Inga traversa la salle avec l’assurance d’une femme qui pense tout posséder, puis, sans demander la permission, tira une chaise et se glissa entre Oleg et son ami Vitya.
« Je ne pouvais pas manquer la fête de notre favori commun », ronronna-t-elle en lançant un regard à Zlata. « Félicitations, Olezhek. Espérons que le nouveau bus aura plus d’étincelle que ta vie maritale. »
Un silence tendu tomba sur la table, seulement brisé par les ricanements de ceux déjà trop ivres pour avoir honte. Zlata sentit le sang quitter son visage. Ce n’était pas qu’une question de savoir-vivre. C’était une déclaration de guerre ouverte, sur son propre terrain.
Elle se tourna vers son mari, s’attendant à ce qu’il remette la femme à sa place. Mais Oleg se contenta de faire un clin d’œil à Inga et de lui verser un verre de vin.
« Détends-toi, Zlat », dit-il avec insouciance. « Nous sommes des gens civilisés. »
Inga posa théâtralement la main sur l’épaule d’Oleg, chassant une poussière imaginaire.
« Au fait, Zlata », dit-elle assez fort pour que tout le monde l’entende, « tu ne trouves pas que ce costume gris te vieillit ? Quoi qu’il en soit, c’est parfait pour une souris de bureau. Un homme a besoin d’excitation. »
Un éclat de rire fit le tour de la table. Oleg riait plus fort que les autres, la tête renversée en arrière.
Ce fut l’instant de vérité.
Zlata n’était pas une femme hystérique. Elle était une stratège. Et à cet instant, la stratégie exigeait un ultimatum.
Elle se leva, appuyant ses deux paumes sur la table. Sa voix, basse mais ferme, trancha net le bruit ambiant.
« Oleg, règle ça. Tout de suite. » Elle s’arrêta, le regardant droit dans les yeux. « Soit elle part, soit je pars. »
Le silence qui suivit résonna comme du métal.
Oleg tourna lentement la tête. Ses yeux étaient troubles et insolents. Il détailla sa femme avec une condescendance paresseuse et esquissa un rictus. Un rictus qui semblait dire : tu comptes aller où, exactement ?

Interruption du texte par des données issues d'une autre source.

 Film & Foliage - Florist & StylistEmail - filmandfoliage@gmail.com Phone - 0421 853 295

« Zlatka, ne commence pas », dit-il entre ses dents, jouant pour l’auditoire. « Quoi, encore de la jalousie ? C’est juste une réunion amicale. Assieds-toi et arrête de me faire honte. »

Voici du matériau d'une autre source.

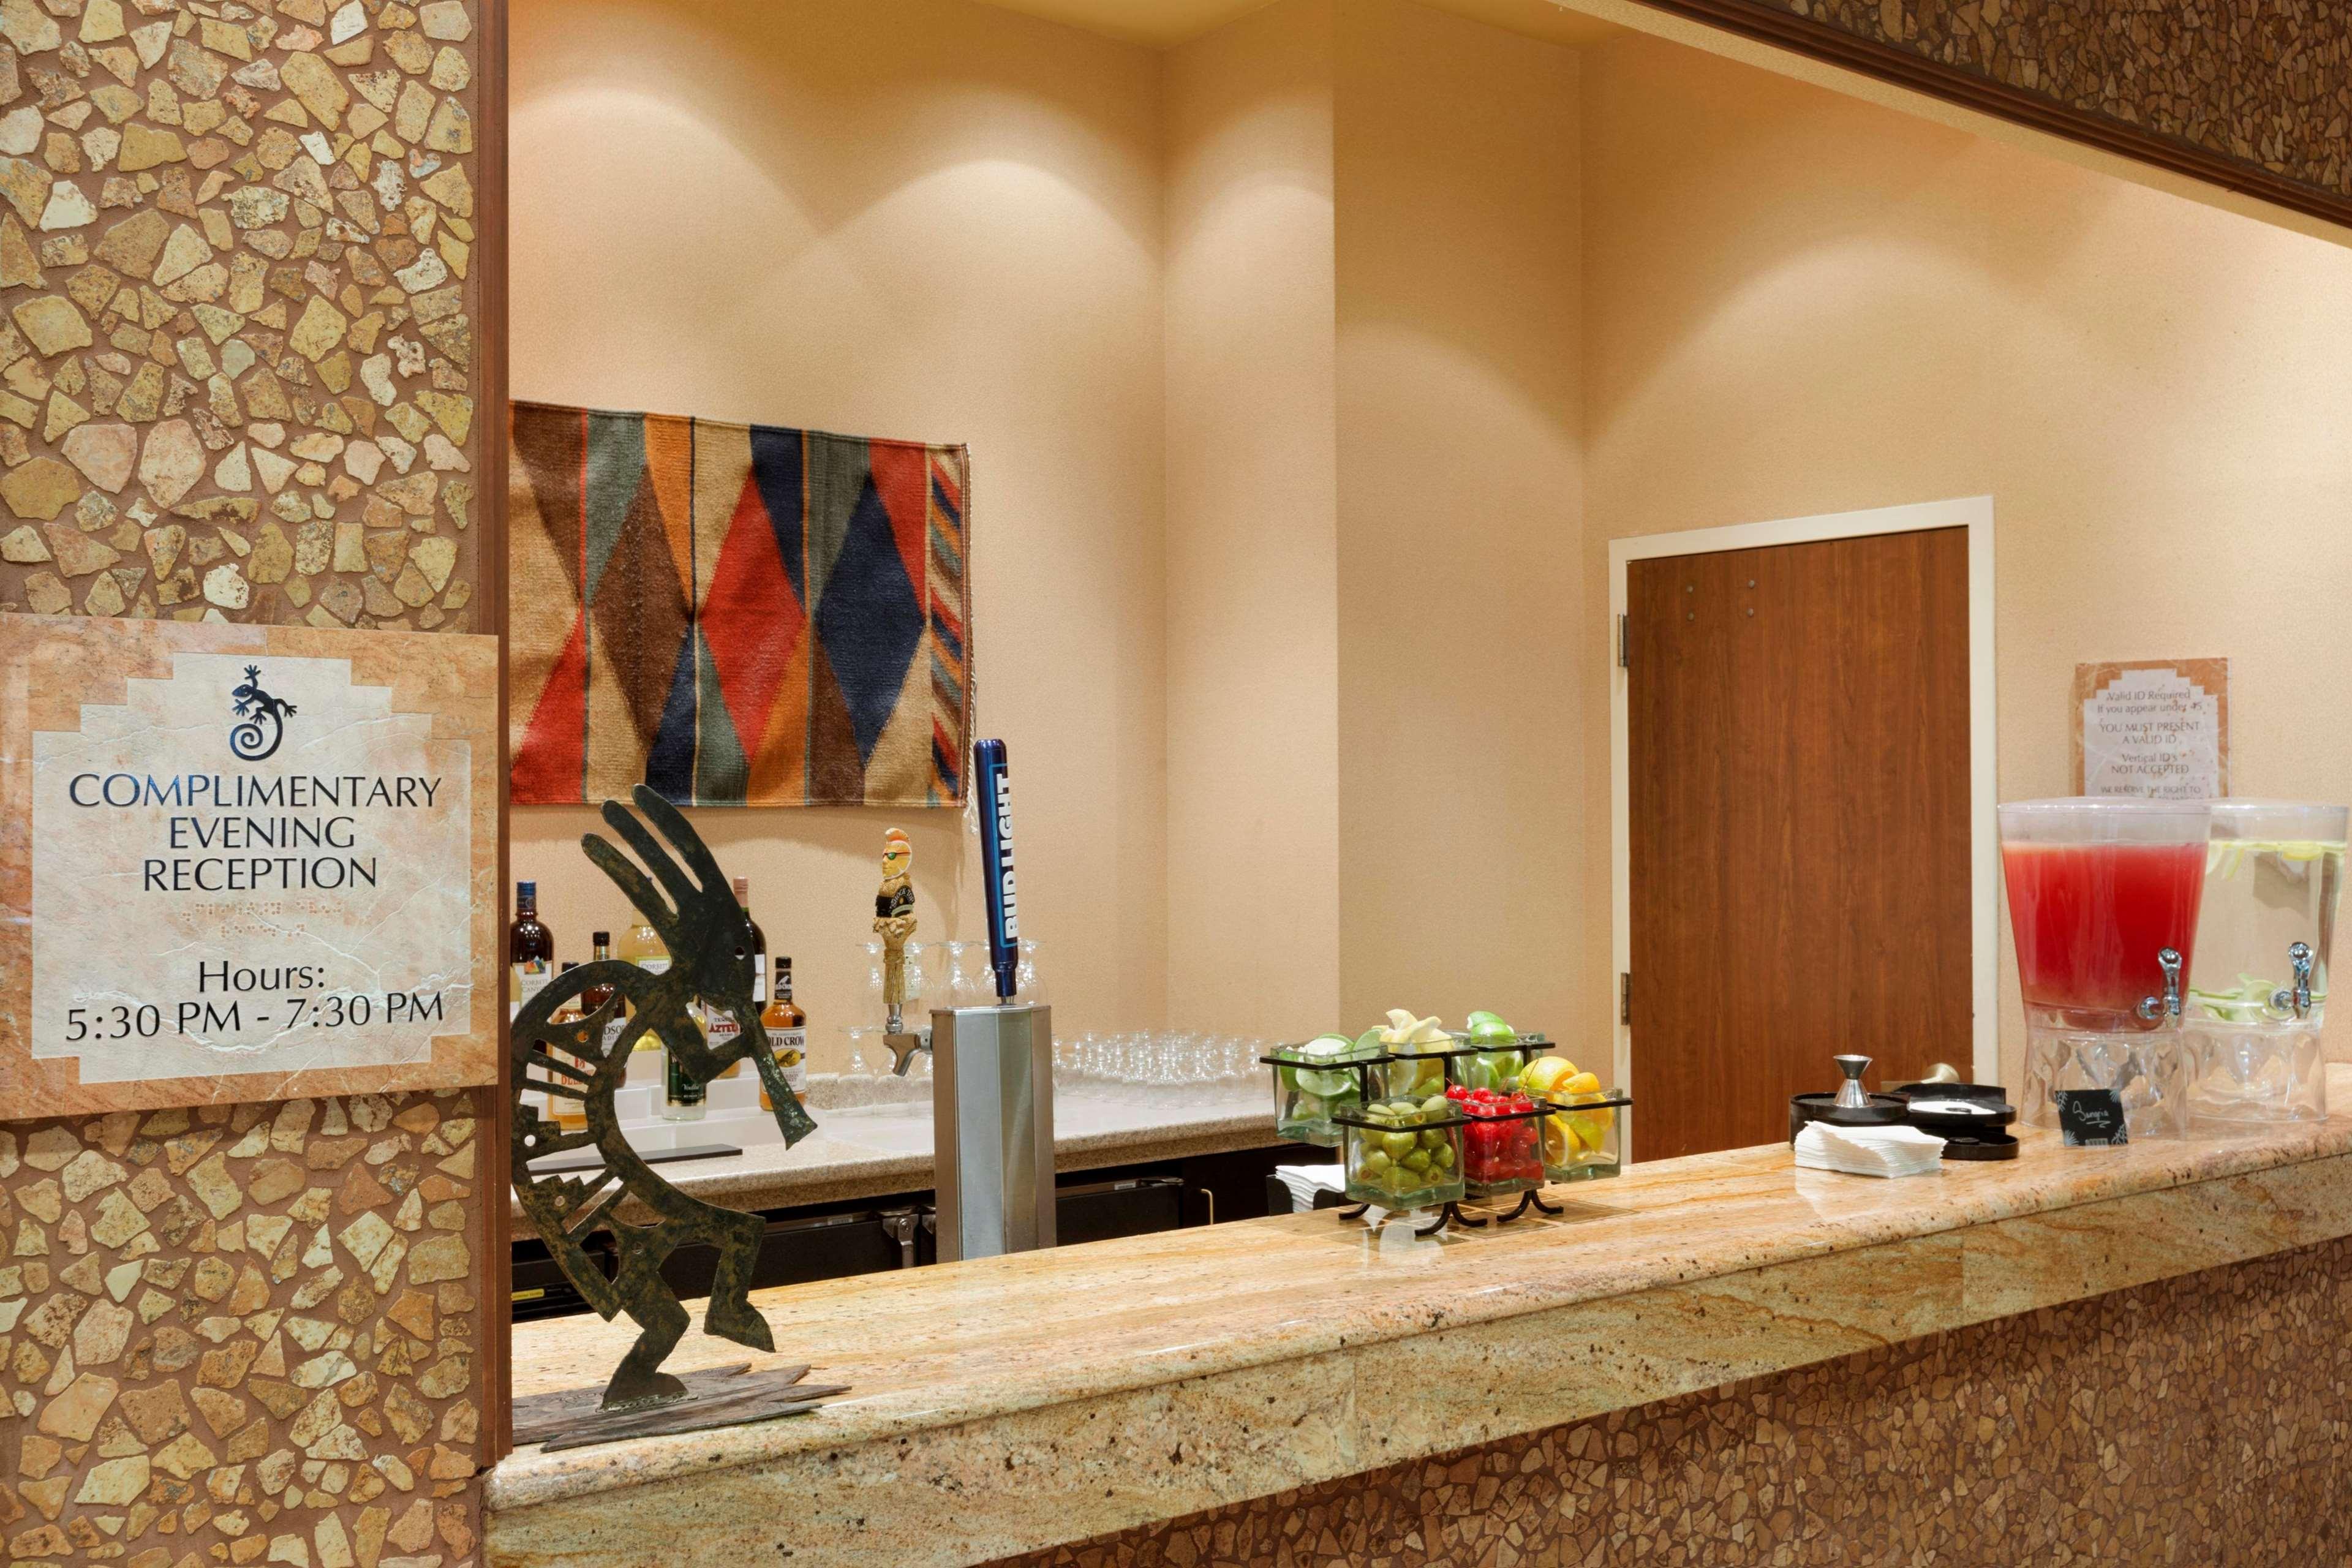 Embassy Suites by Hilton Albuquerque Hotel & Spa image 43

« C’est ton choix », dit Zlata froidement.
Elle prit son sac à main et se dirigea vers la sortie sans regarder en arrière. Derrière elle, elle entendit la voix d’Oleg qui s’adressait à ses amis :
« Drame de femme, les gars. Vous savez comment elles sont. SPM ou je ne sais quoi. Elle va se calmer et revenir en rampant. »
Le nouvel éclat de rire lui fouetta le dos comme un coup de fouet.
Partie 2 : Le Froid de l’Avenue
La rue l’accueillit avec un vent frais qui semblait vouloir geler la chaleur de l’humiliation brûlant encore sur ses joues. Zlata marchait vite, ses talons frappant le trottoir avec un rythme sec. Il n’y avait pas de larmes dans son esprit, seulement une froide clarté cristalline. Pendant des années, elle avait sauvé des entreprises en faillite, trouvé des issues à des impasses, coupé dans le vif quand il le fallait pour sauver l’ensemble. Pourquoi avait-elle laissé sa propre vie se décomposer ?
« Zlata ! Attends ! »
Marina, la femme d’un collègue d’Oleg, la rattrapa. Elle était essoufflée, le visage plein de compassion sincère.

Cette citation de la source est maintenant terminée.